The BPaL/moxifloxacin arm saw the lowest rate of unfavourable results, with a risk difference of 11.4% between 28% in the experimental arm and 40% in the standard of care arm. In HIV-negative patients, the experimental arm had a 6% unfavourable result while the standard of care arm had a 51% unfavourable outcome. Despite the fact that the percentage of risk difference between HIV-positive and HIV-negative participants was statistically insignificant (p=0.08) due to the small sample size, the study's authors caution that it is difficult to draw a conclusion that the regimen is less effective in HIV-positive individuals.

The risk differences between participants who were HIV-positive and those who were HIV-negative in the other investigational study arms were also not statistically significant, although the researchers again warn that the sample size is too small to draw any firm conclusions.

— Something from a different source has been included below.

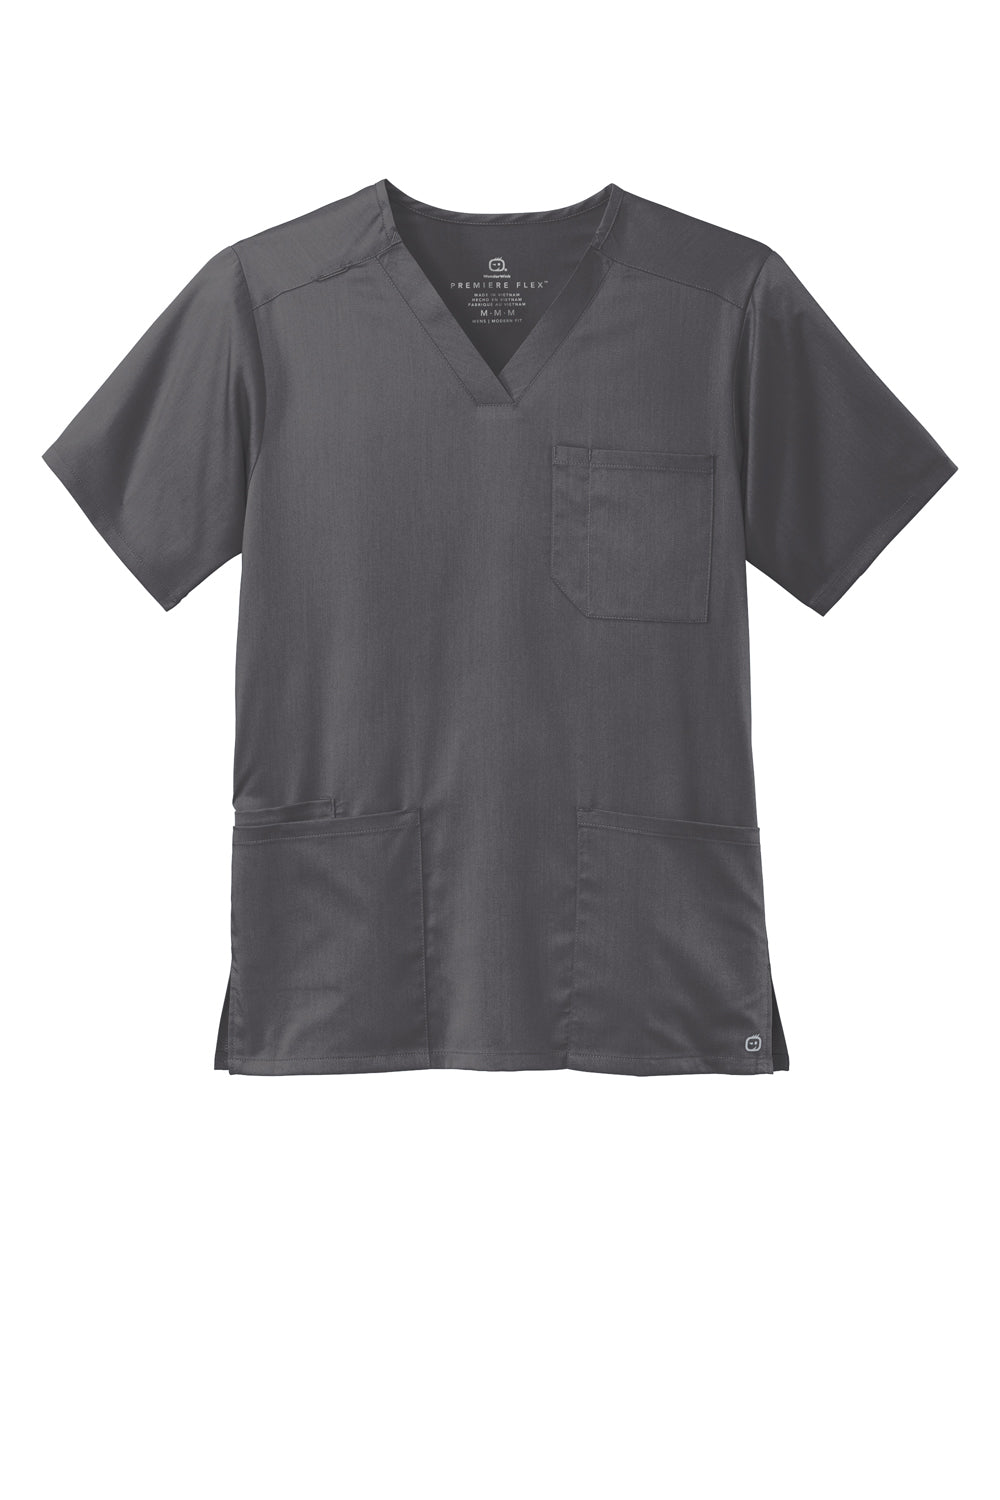 Wonderwink WW5068 Premiere Flex Short Sleeve V-Neck Shirt Pewter Grey Flat Front

Compared to BPaL or BPaL/moxifloxacin, the experimental regimen incorporating clofazimine was less well tolerated; 29% of HIV-negative individuals and 40% of HIV-positive individuals reported experiencing a major adverse event of grade 3 or higher. Both HIV-negative and HIV-positive patients experienced Grade 3 or higher, or major adverse events, less frequently in the BPaL/moxifloxacin arm, at 20% and 17%, respectively.

In any trial arm, there was no discernible difference in the incidence of adverse events between participants who were HIV-positive and those who were HIV-negative. The three significant adverse events (grade 3 or higher) that were most frequently reported were neutropenia, anaemia, and hepatic dysfunction.

Campaign 1 / 4 / 6 x 24

Infection with TB can now be treated in as little as one or three months, and the majority of forms of drug-sensitive and drug-resistant TB can be treated in four and six months, respectively (hence the campaign's name, "1 / 4 / 6"). However, very few people have access to these more efficient, shorter regimens.

The 1 / 4 / 6 x 24 campaign was introduced by Treatment Action Group, Partners in Health, and Doctors Without Borders during AIDS 2022. The campaign is requesting:

·      Swift revisions to national and international standards to suggest shorter regimens

·      Creation of shorter treatment regimens in fixed-dose combinations to aid implementation and adherence

·      Creation of novel diagnostics to aid in the detection of TB and MDR-TB

·      Using patent pooling, technology transfer, and licencing, new products and diagnostics can be quickly registered for use in short-course treatments, and access to novel medications and diagnostics is improved.

·      Investment in TB programmes and diagnostics grew as a result of quick research to fill knowledge gaps in the usage and implementation of shorter-course regimens.